__EXERCISE DIRECTIONS__:
Lines in the listing below containing the string "level" are to be identified and copied.
:: RECORD SET ::
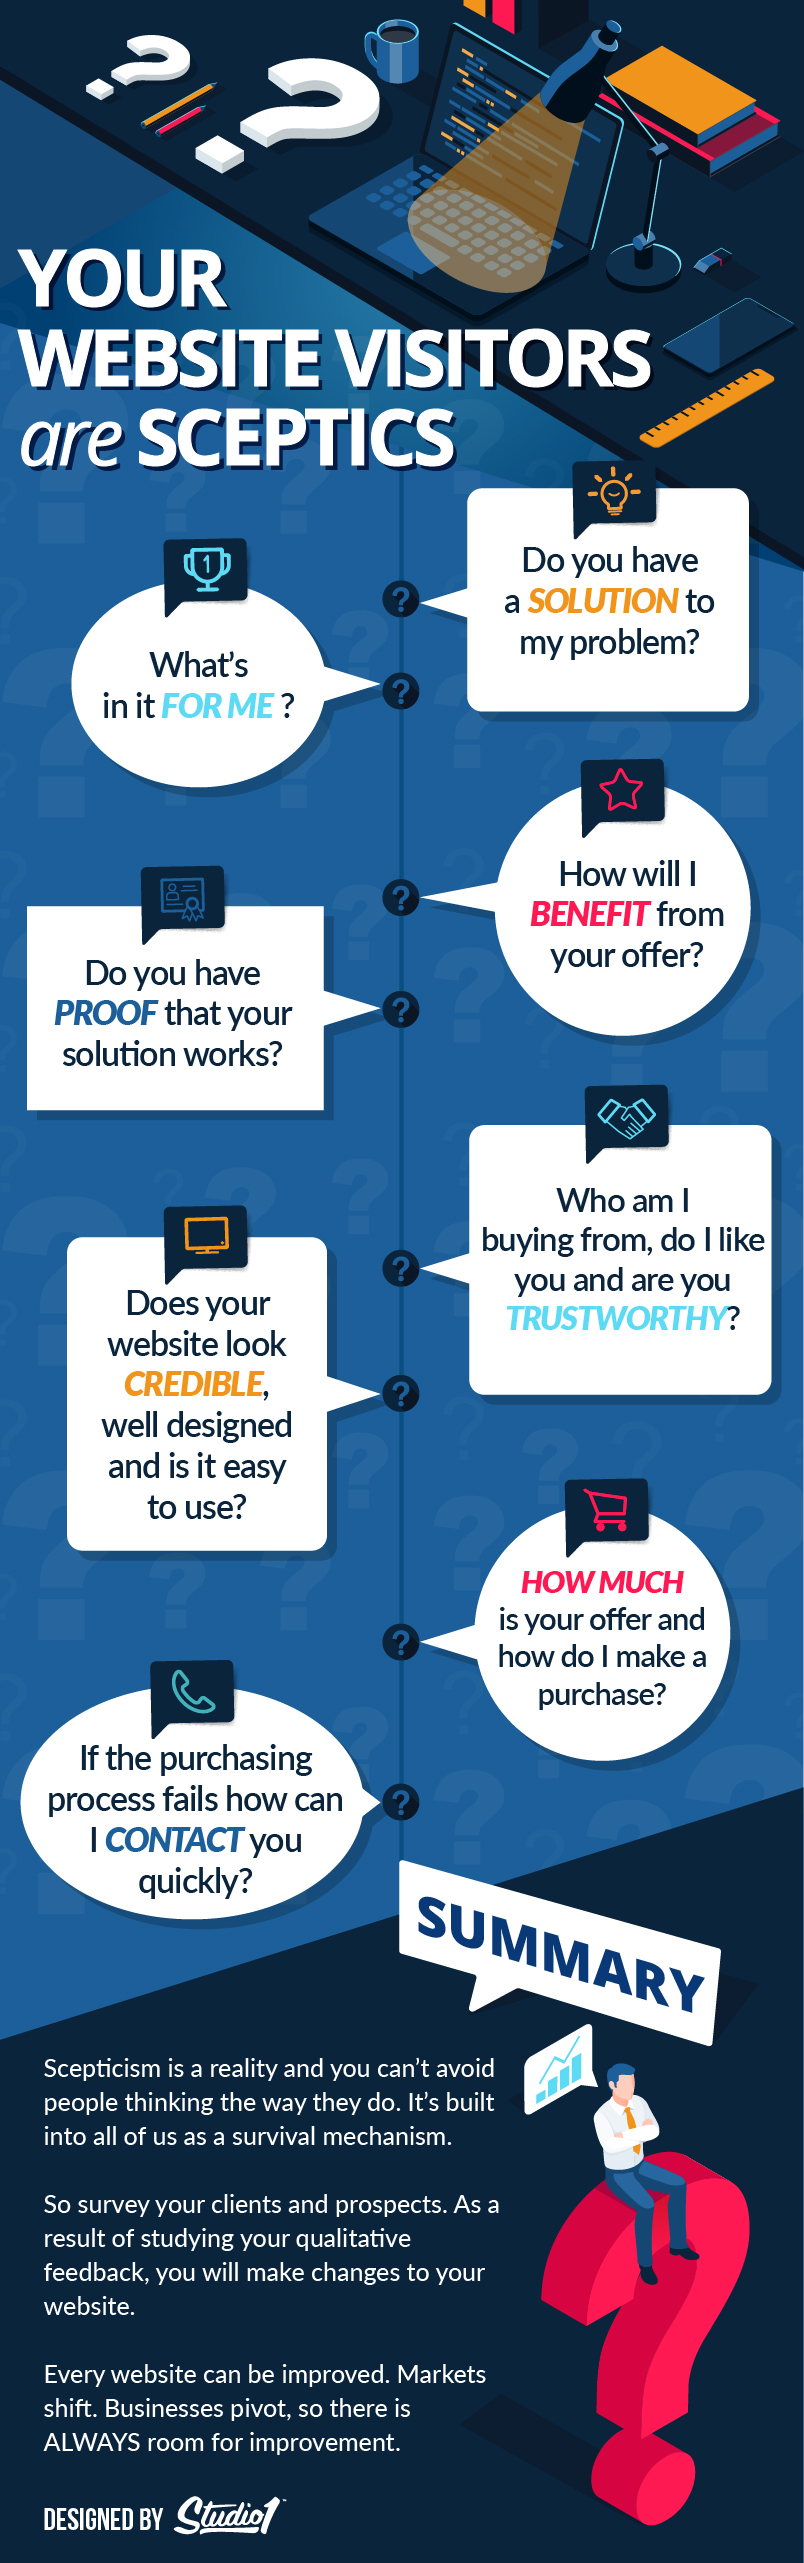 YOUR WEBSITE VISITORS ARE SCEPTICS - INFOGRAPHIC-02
:::
:: RECORD SET ::
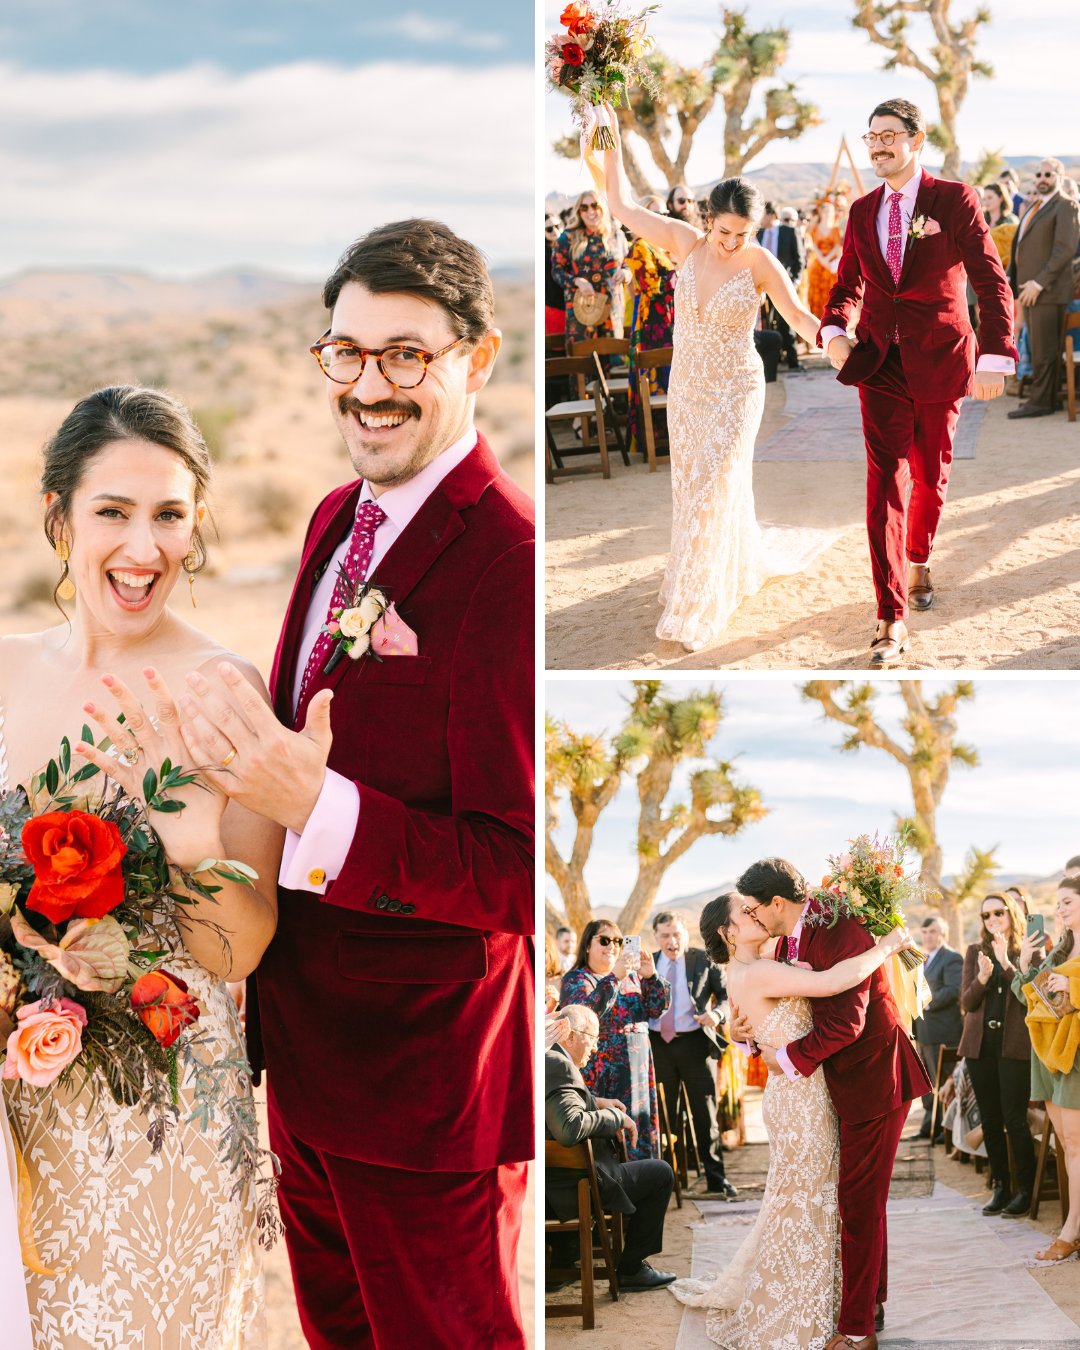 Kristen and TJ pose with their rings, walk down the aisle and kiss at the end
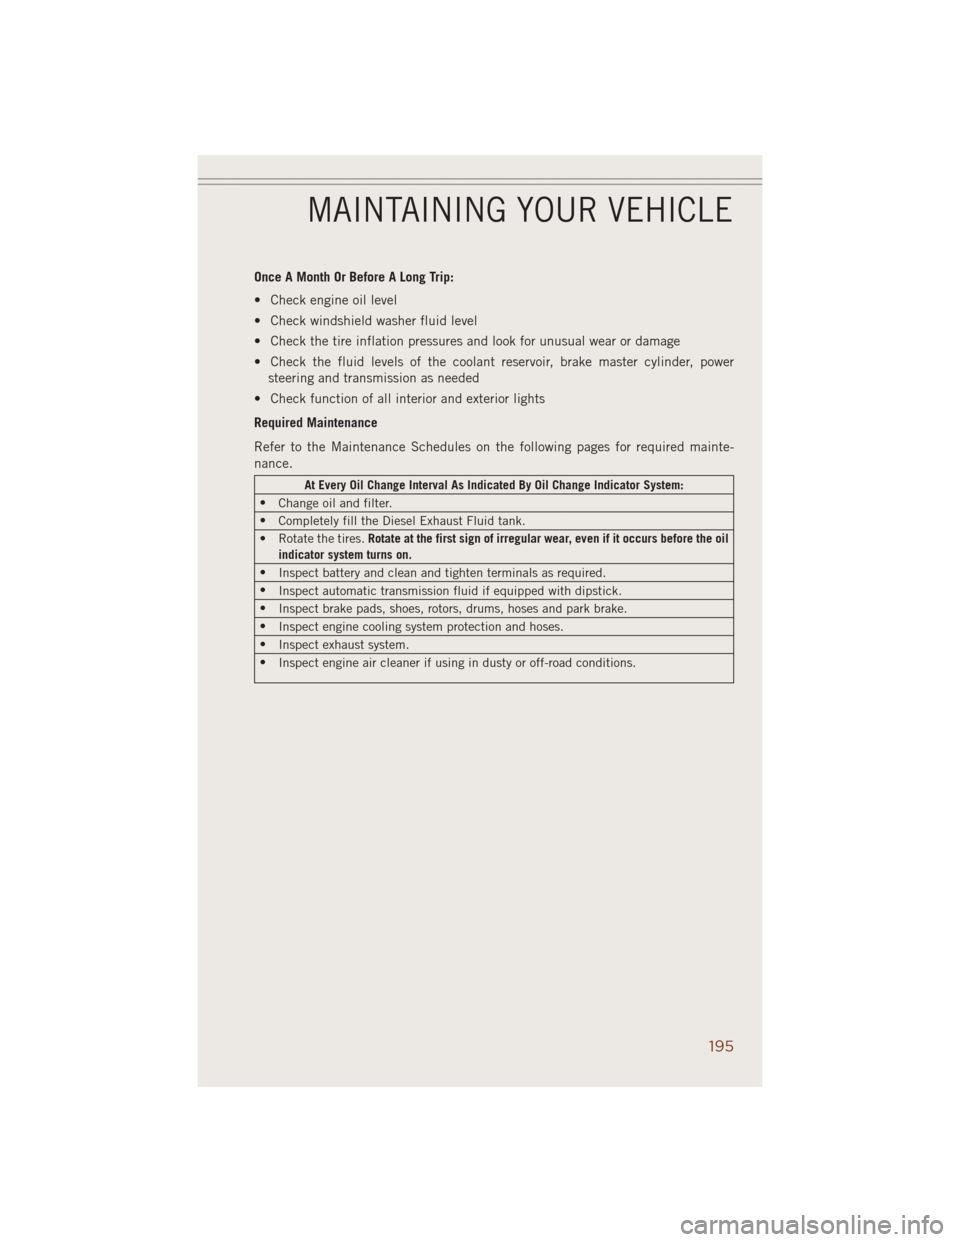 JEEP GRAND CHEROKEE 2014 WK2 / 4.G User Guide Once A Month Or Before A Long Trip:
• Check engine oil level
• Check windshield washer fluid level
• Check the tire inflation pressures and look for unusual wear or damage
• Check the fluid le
:::
__SOLUTION TO THIS EXERCISE__:
• Check engine oil level
• Check windshield washer fluid level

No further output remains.